DATASET SECTION
================================

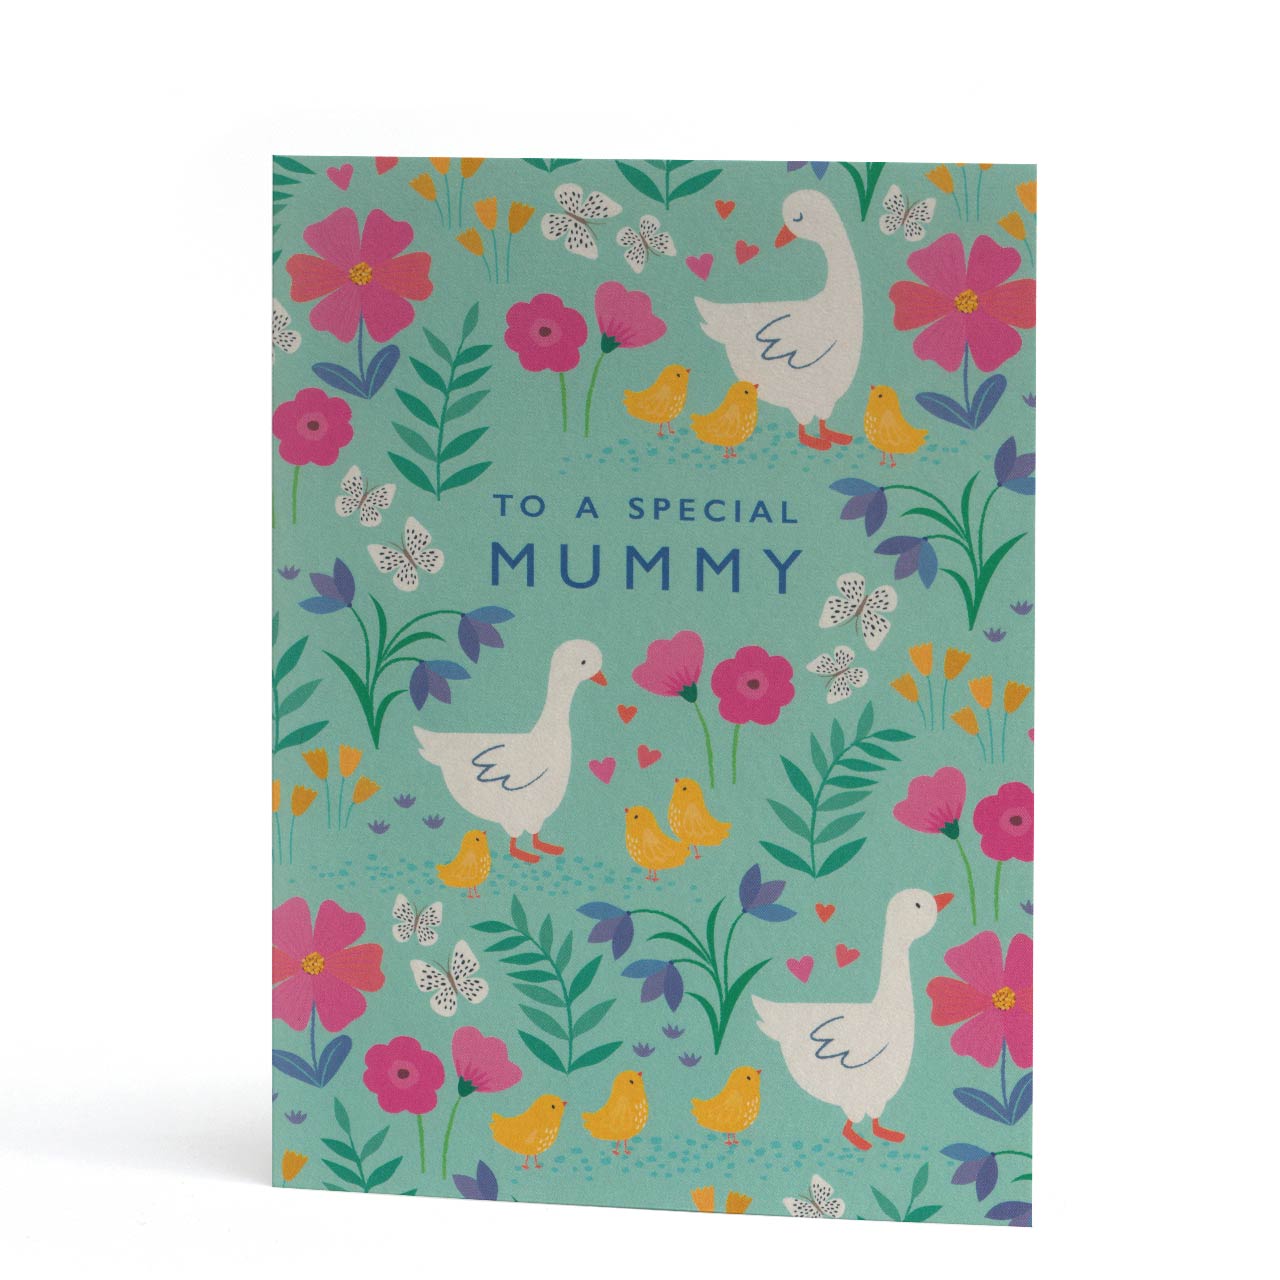 To A Special Mummy Greeting Card
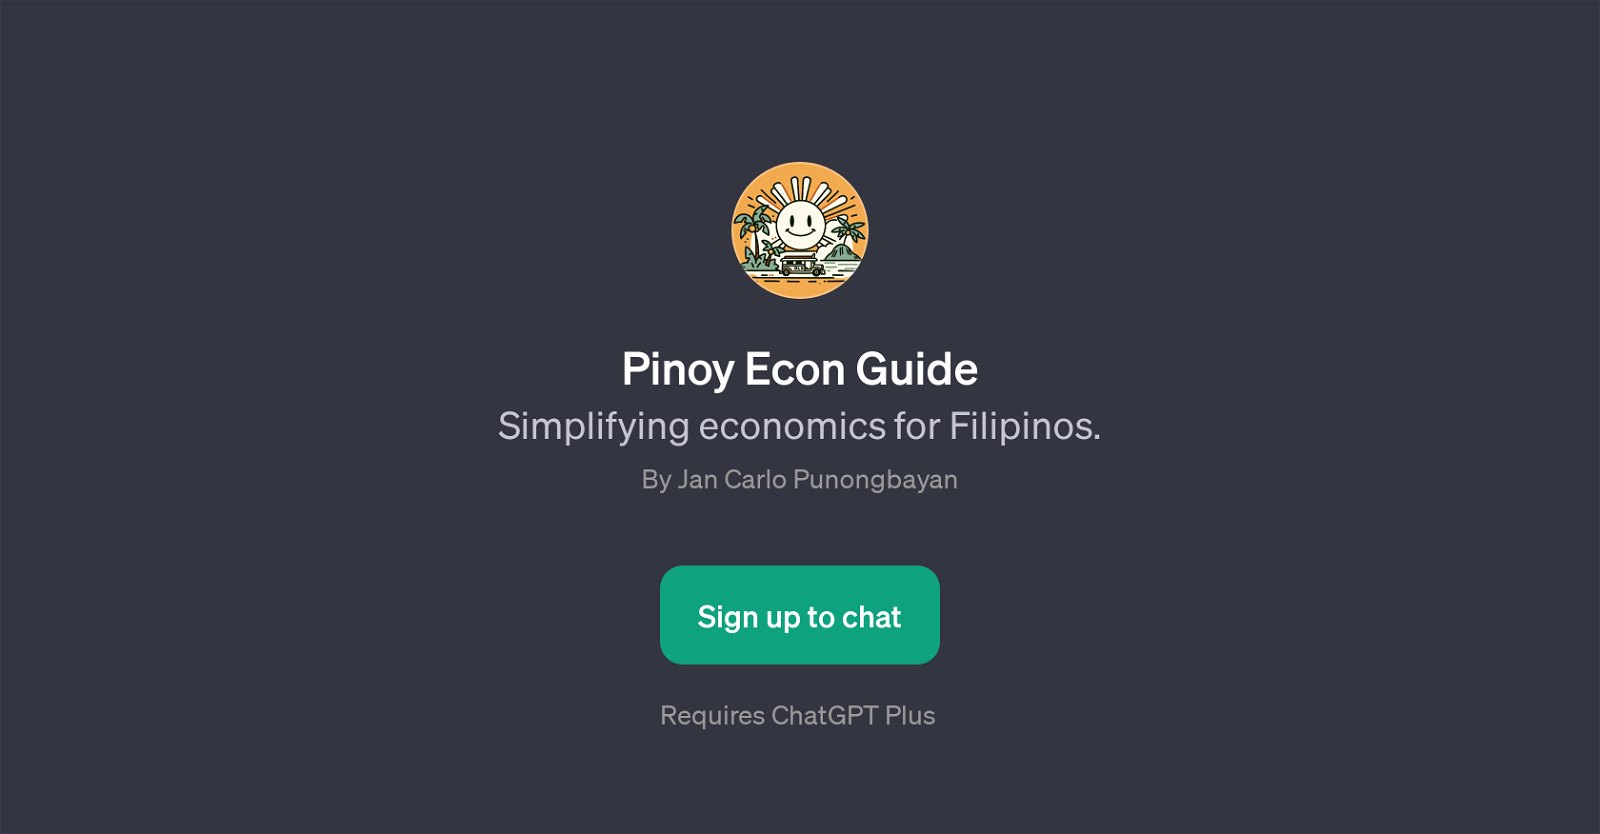 Pinoy Econ Guide website
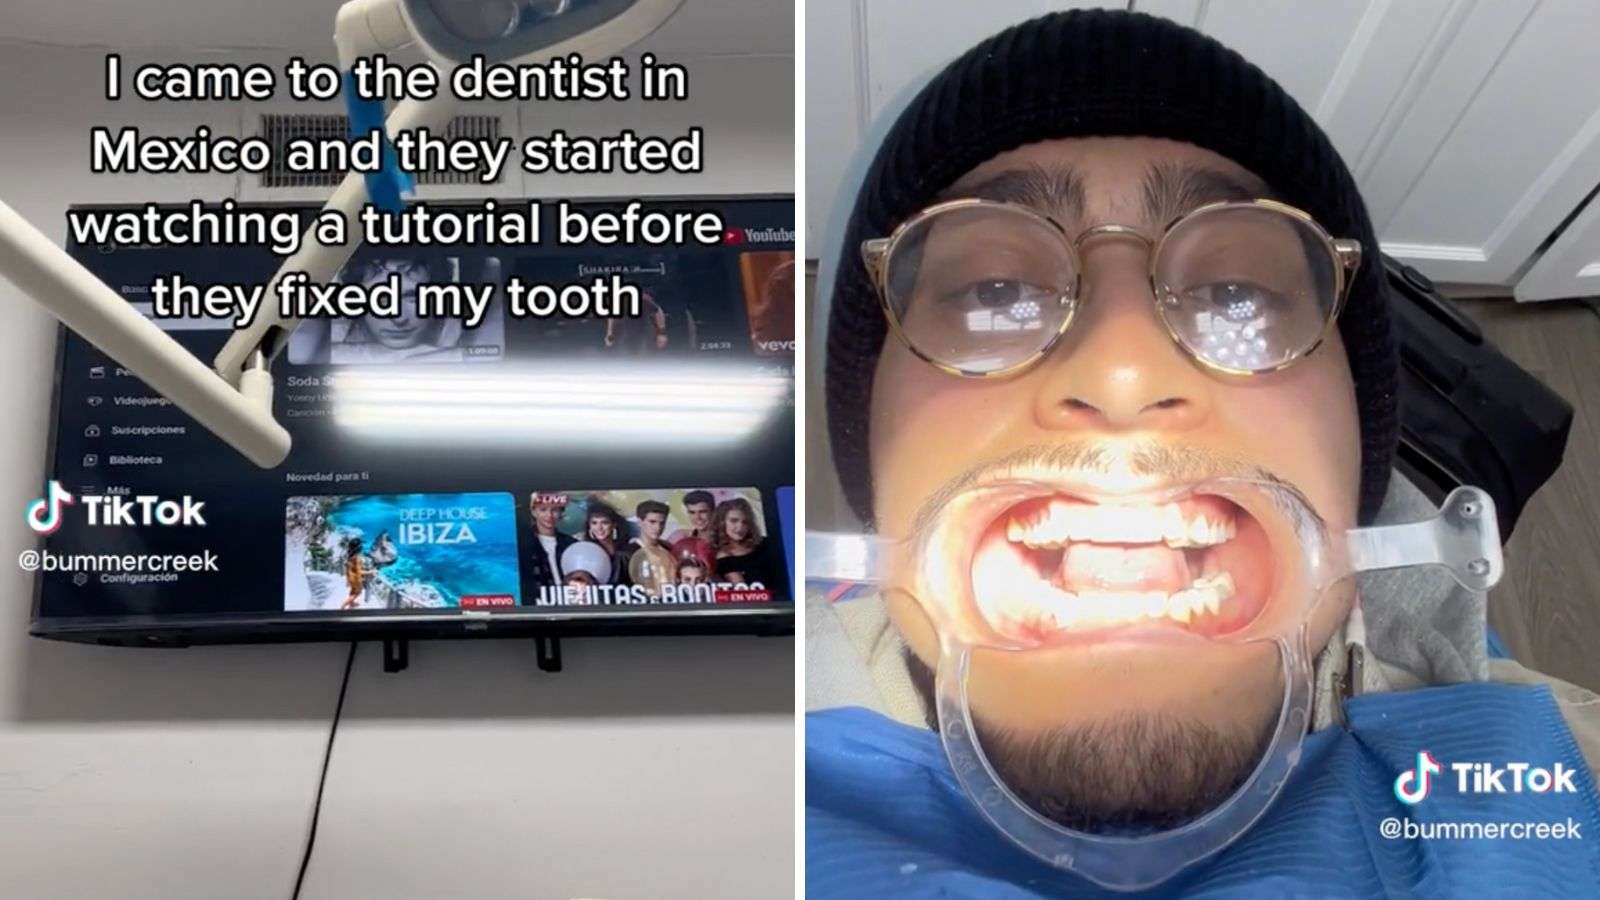 Dentist watches tutorial before fixing patient’s tooth in viral video
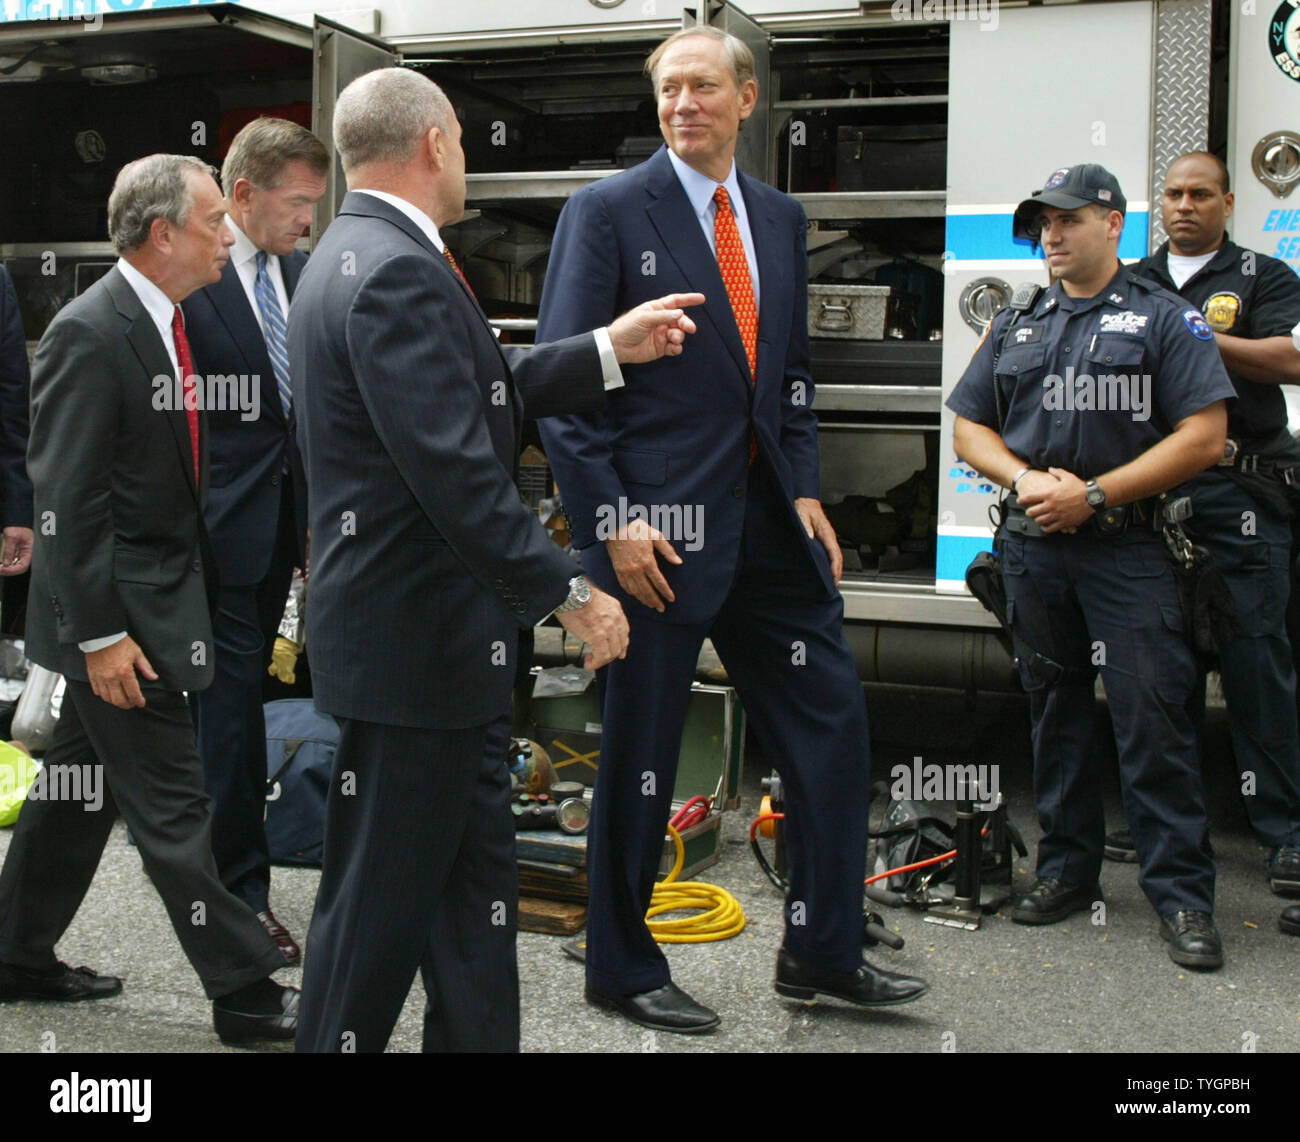 New York City police commissioner Raymond Kelly, center, gives mayor Michael Bloomberg, left, secretary of Homeland Security Tom Ridge, second left, and New York State governor George Pataki a tour of the special security vehicles and apparatus at the New York City Police Department's headquarters August 25, 2004 in New York City. Ridge is on hand to discuss security measures with city officials in preparation for the Republican National Convention and the demonstrators it will attract to the city. (UPI Photo/Monika Graff) Stock Photo

================================

PROBLEM TO WORK ON
Could every line above be set down exactly, with the pictures omitted?

RESULT OF THE EXERCISE
 To A Special Mummy Greeting Card
 Pinoy Econ Guide website
 Dentist watches tutorial before fixing patient’s tooth in viral video
 New York City police commissioner Raymond Kelly, center, gives mayor Michael Bloomberg, left, secretary of Homeland Security Tom Ridge, second left, and New York State governor George Pataki a tour of the special security vehicles and apparatus at the New York City Police Department's headquarters August 25, 2004 in New York City. Ridge is on hand to discuss security measures with city officials in preparation for the Republican National Convention and the demonstrators it will attract to the city. (UPI Photo/Monika Graff) Stock Photo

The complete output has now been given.